Of all of the authors I’ve read, Crichton always delivered readability, a great story, and made science subjects I thought I had a handle on even more fascinating than I could have imagined. He embodied the premise of genius, where it’s said that the mark of genius is understanding something and then explaining it to the rest of us. Star Trek inspired a generation of electrical engineers to figure out how to make communicators, and we have them. Jurassic Park alone has had the same effect; we have a generation of bio-scientists who know that somewhere somehow it’s possible to resurrect a T-Rex. Mr. Crichton was a cultural icon.

I’ve read a number of posts, largely from the environmental crowd, dismissing him as a “hack” due to his work on State of Fear regarding global warming. Ironically the most vociferous denunciations prove the underlying thesis of that book and also condensed in his speech comparing environmentalism to religion. I tended to think he had it assessed correctly, and the vitriolic piling-on confirms it. Crichton bashers, take note: it’s usually not a good idea to dismiss the smartest guy in the room out of hand.


A Thought On Programming

October 31, 2008

“Programming” is a wierd job category if you work for a place that relies on software as either *the* revenue stream or is a large part of it. The reason is that the job requires the essential skills of how to do the technical end *and* a complete knowledge of the problem you are setting out to solve. So if your company sells paint robots you have to know everything there is to know about the physics of paint so that the robot can be user configured to do not only paint odd shapes but also different mixtures and application densities and a massive boatload of details that may not be readily apparent at first blush. And that’s just about paint itself, much less the knowledge required of how the robotic movements are made; e.g. a typical (smooth DC motor) robot arm movement can be graphed as a trapezoid. It comes up to speed slowly, runs 70% of the intended distance at full speed, and then at the 85% marker starts to slow down and come to a nice reliable stop.

But… how reliable *is* that stop, anyway? Is it really reliable or are we to take the word of the mechanical engineer that that it is? What do you do with your paint mixture in the ramp up/ramp down times? The ideal is to have the mixture spraying for the correct density/spread pattern at full speed, but how does the speed change impact this? Can we change the ramp attack/decay without overshoot? And here’s the $64k question — what do we do about paints etc. yet to be created? Making a system that can’t adapt isn’t worth a damn.

And so on and so forth. None of these issues have a thing to do with the ability to sling code, but rather the ability to solve the problem and then use code (taken as a given skill) to apply the solution. By the time you’re done you know pretty much all there is to know about paint and getting a robotic system (at least this particular model) to apply it.

This is one of the reasons software is still considered Art as opposed to engineering in a classical sense; the problem to solve is rarely limited to the problem presented but must be solved as a model of the problem as an archetype — which ultimately allows adaptation. There is no clear cut rule that governs how well a model must emulate reality. As such much of this stuff is neither clear nor necessarily repeatable, thus it’s Art.

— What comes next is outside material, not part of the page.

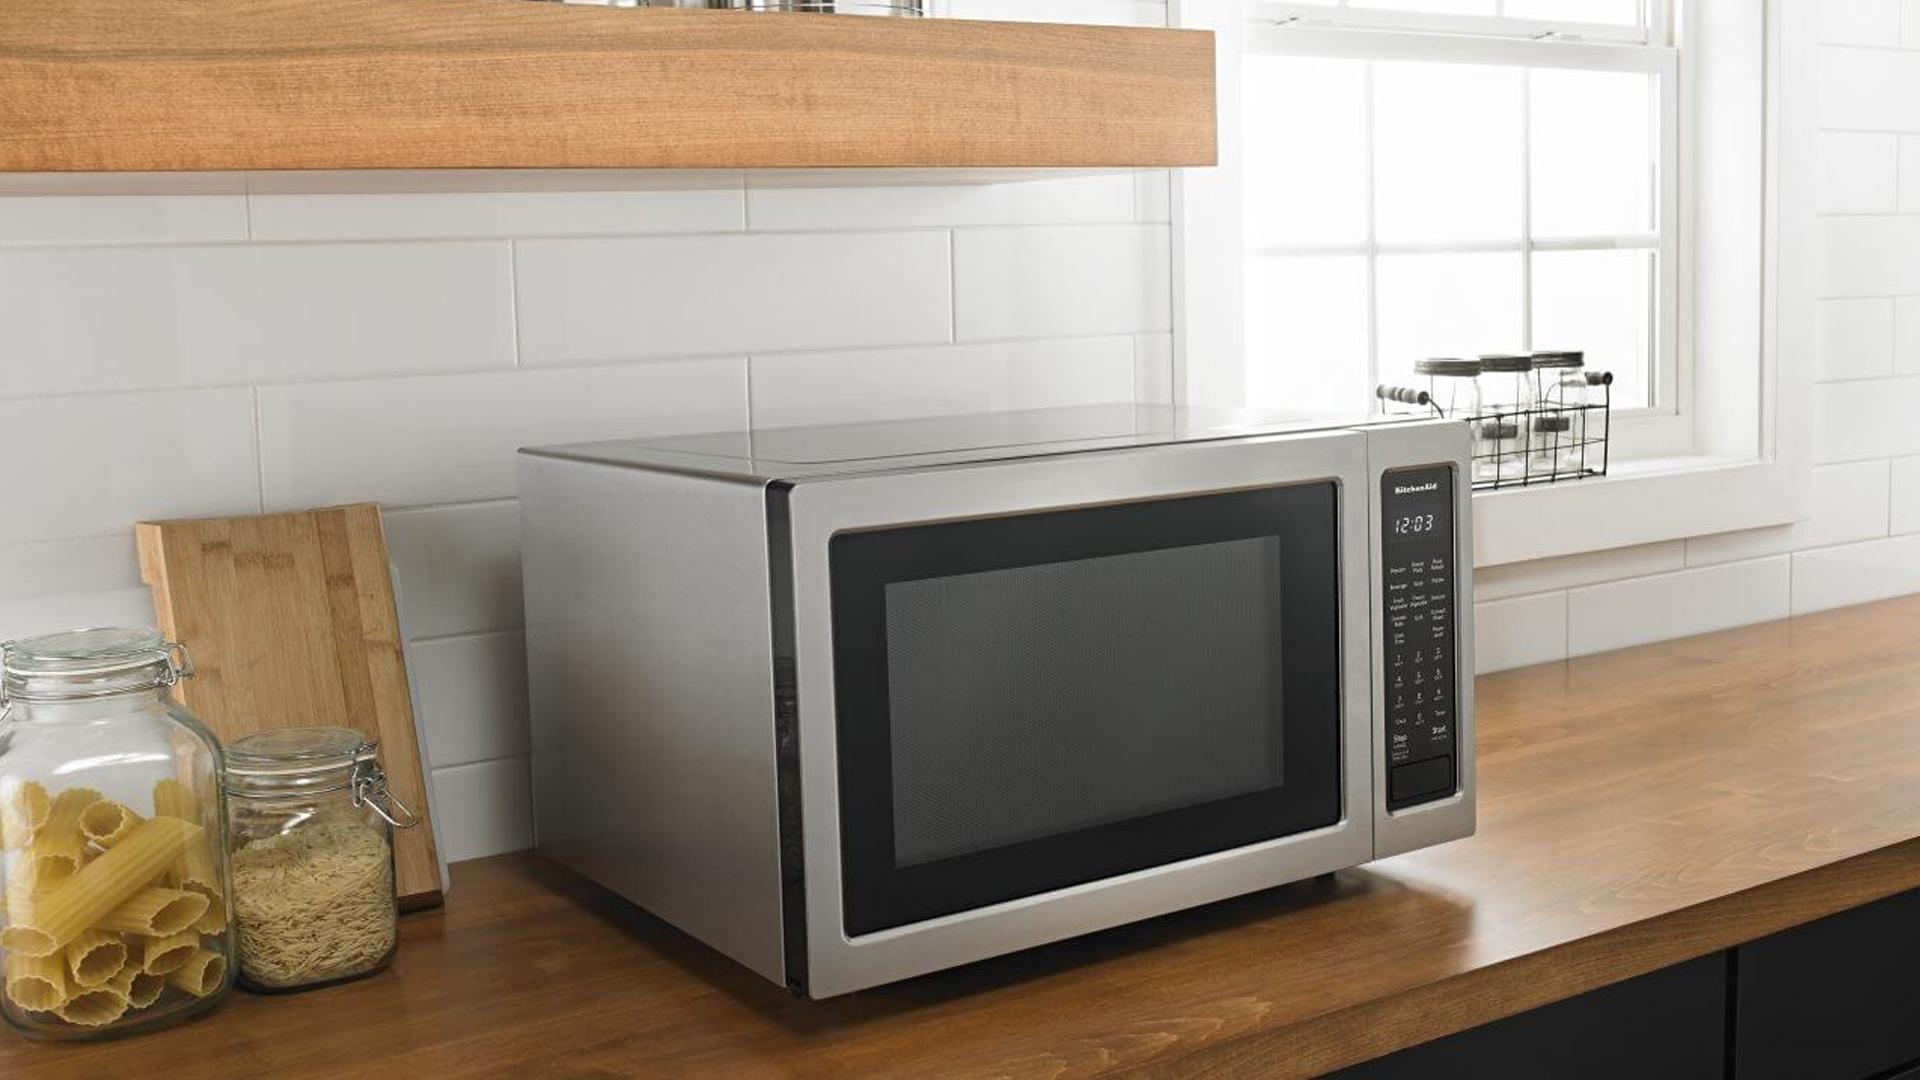 KitchenAid Countertop Microwave Repair | KitchenAid Repairs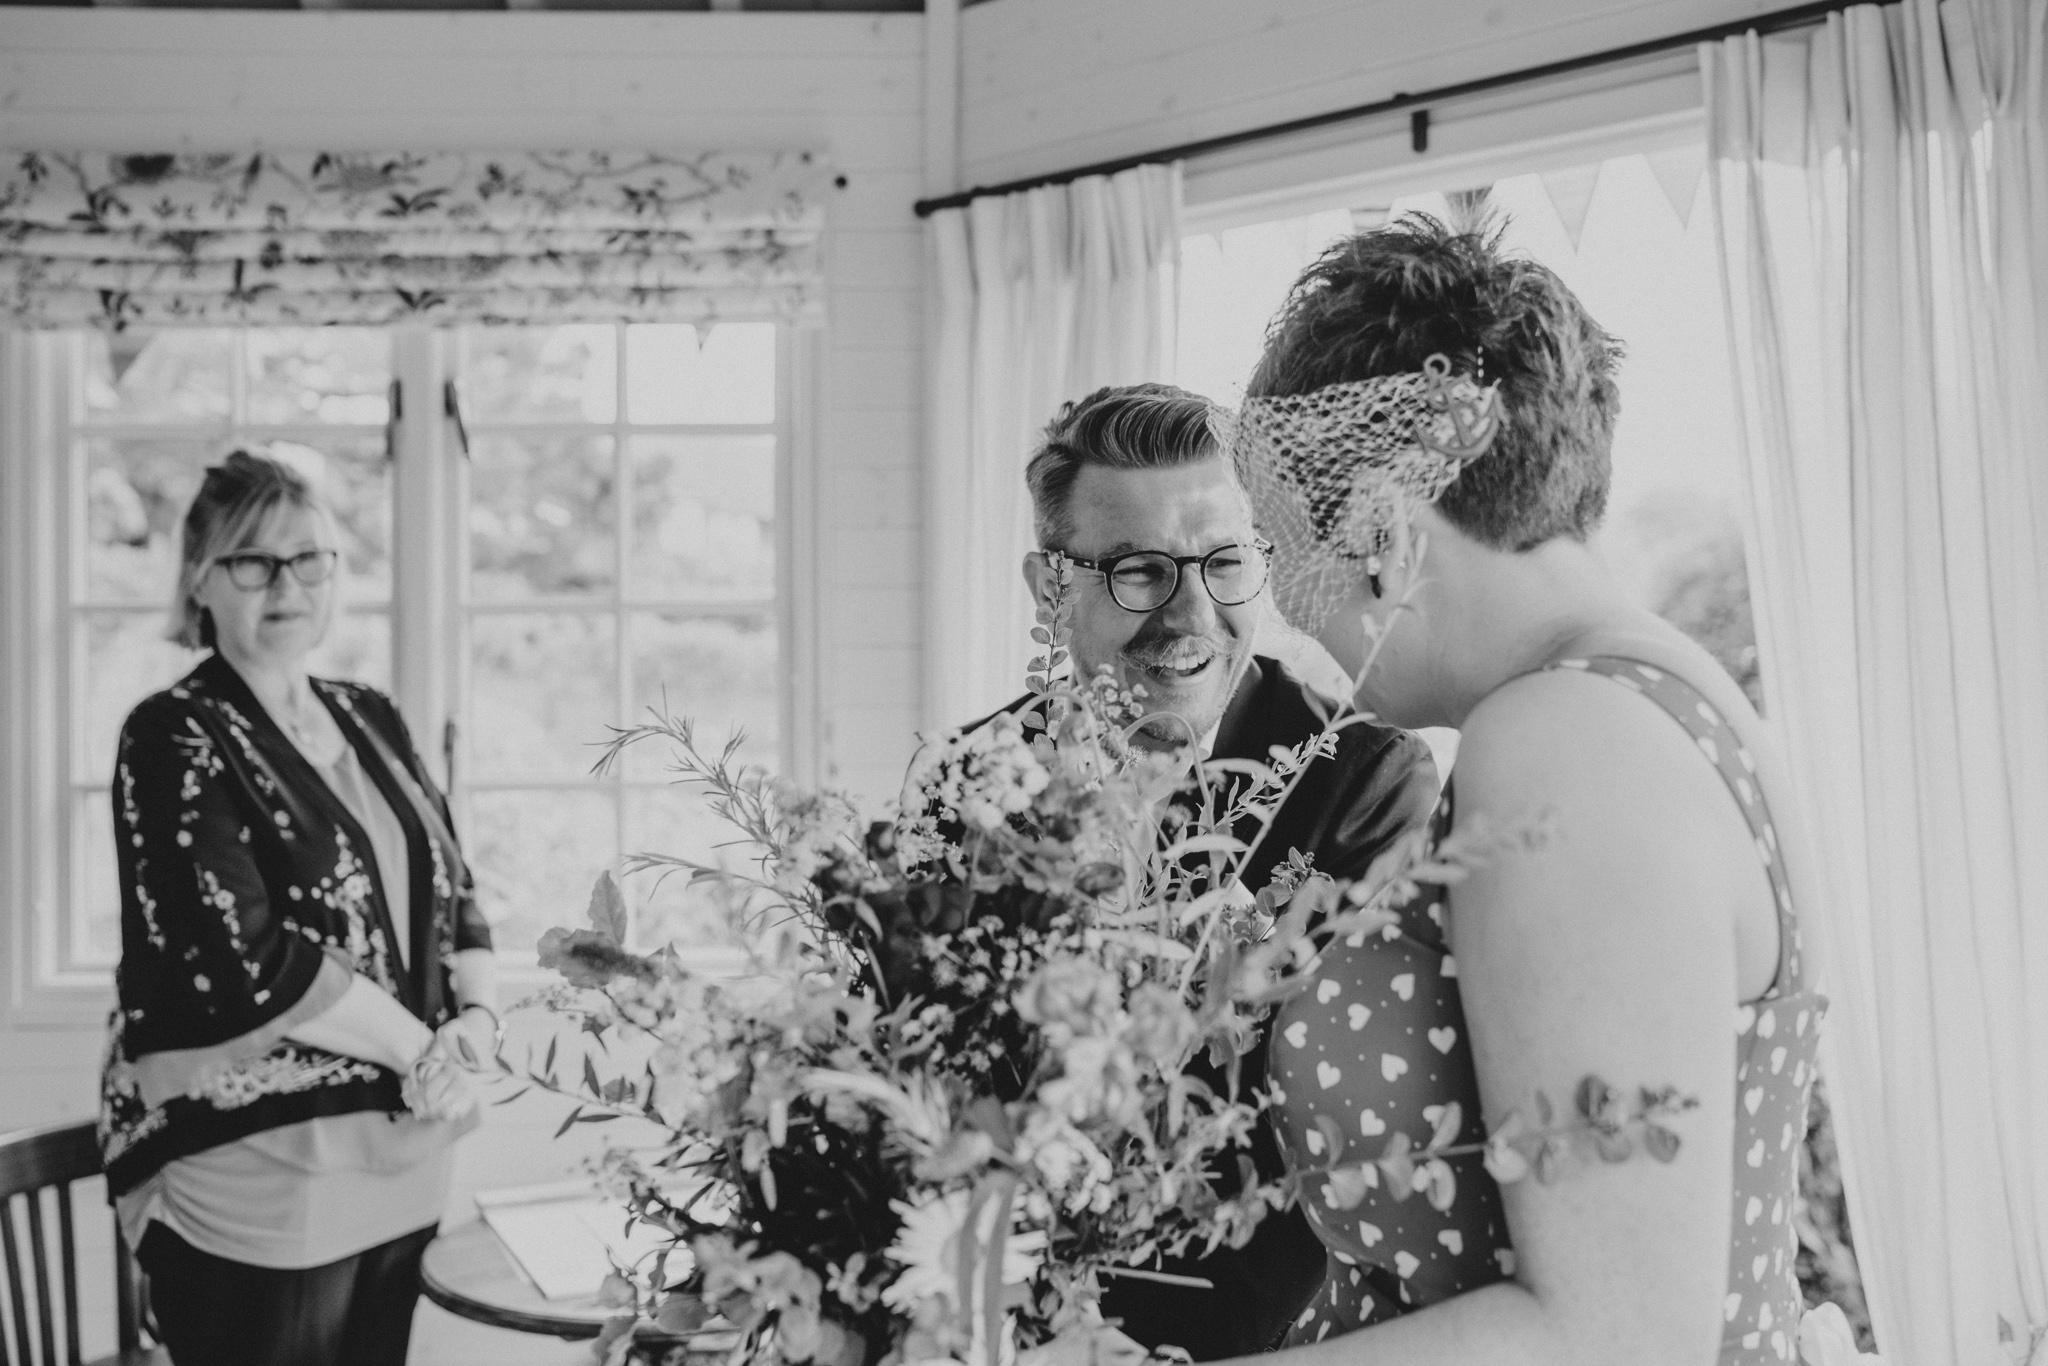 hannah-anthony-thorpeness-retro-diy-50s-wedding-grace-elizabeth-colchester-essex-alternative-wedding-lifestyle-photographer-essex-suffolk-norfolk-devon (11 of 39).jpg

No other job function in the world is like this. If you do accounting then yeah you may have to learn to use a given software system but your main function is still accounting. In the world of software design you have to be an expert at your ostensible function (coding) but then to design say an accounting system, you have to know every blasted thing an accountant knows to make it work. Four years down the road you may have to then learn everything a bricklayer knows, or an aircraft designer so that you can create a flight simulator, and so on. In other words, it’s the only job around where you have to be an expert in coding and also that which you are writing code for.

And good designers don’t exactly fall out of trees. It’s a bit rare.

Anyway the design is the key, and designers aren’t subject to the same whims that plague other jobs where what you do is easily replaceable or is an expense (or both, such as IT.)


Paid Denialists

July 21, 2008

A pro-GW poster on Anthony Watt’s Blog was “investigating” the claim that $50 Billion was spent on the AGW side and some $20 Million has been spent on the denial side. The poster claims to have tracked this to the nefarious Steve Milloy, the evil guy behind “denialist” site junkscience and frequent guest writer on — heaven forbid — Fox News.

I replied —

“This number looks to be an estimate, so why you would bother with going after Milloy seems to be pointless. The estimate would have to include greenpeace and similar group funding, the value of airtime wasted on CNN etc promoting what amounts to greenpeace press releases and calling it “news”, the efforts of governments to fund climate studies, satellite time that is used to study the alleged problem, climate conferences, and essentially, the entire ball of wax.

Assuming it’s Milloy’s estimate, it looks like he’s lowballing it. I’d put the number closer to 10x to 20x of that.

My guess is that this estimate is also a reaction/answer to the rather silly and otherwise idiotic allegations that some people make regarding “paid denialists” and so on as propagated by exxonsecrets and other such whistle blowing “public services.”

Assuming the peak oil crowd is correct, the allegations paint a picture of a world corporation chock full of some of the world’s brightest business minds plotting to quickly waste resources so as to go out of business as soon as possible and simultaneously be castigated by politicians and excorciated by the public at large. So, that’s how conspiracy theorists at places like exxonsecrets seem to assume highly trained and ultra-intelligent Ivy League business people think? The allegations are obviously absurd, mendacious rubbish and ludicrous even in the abstract.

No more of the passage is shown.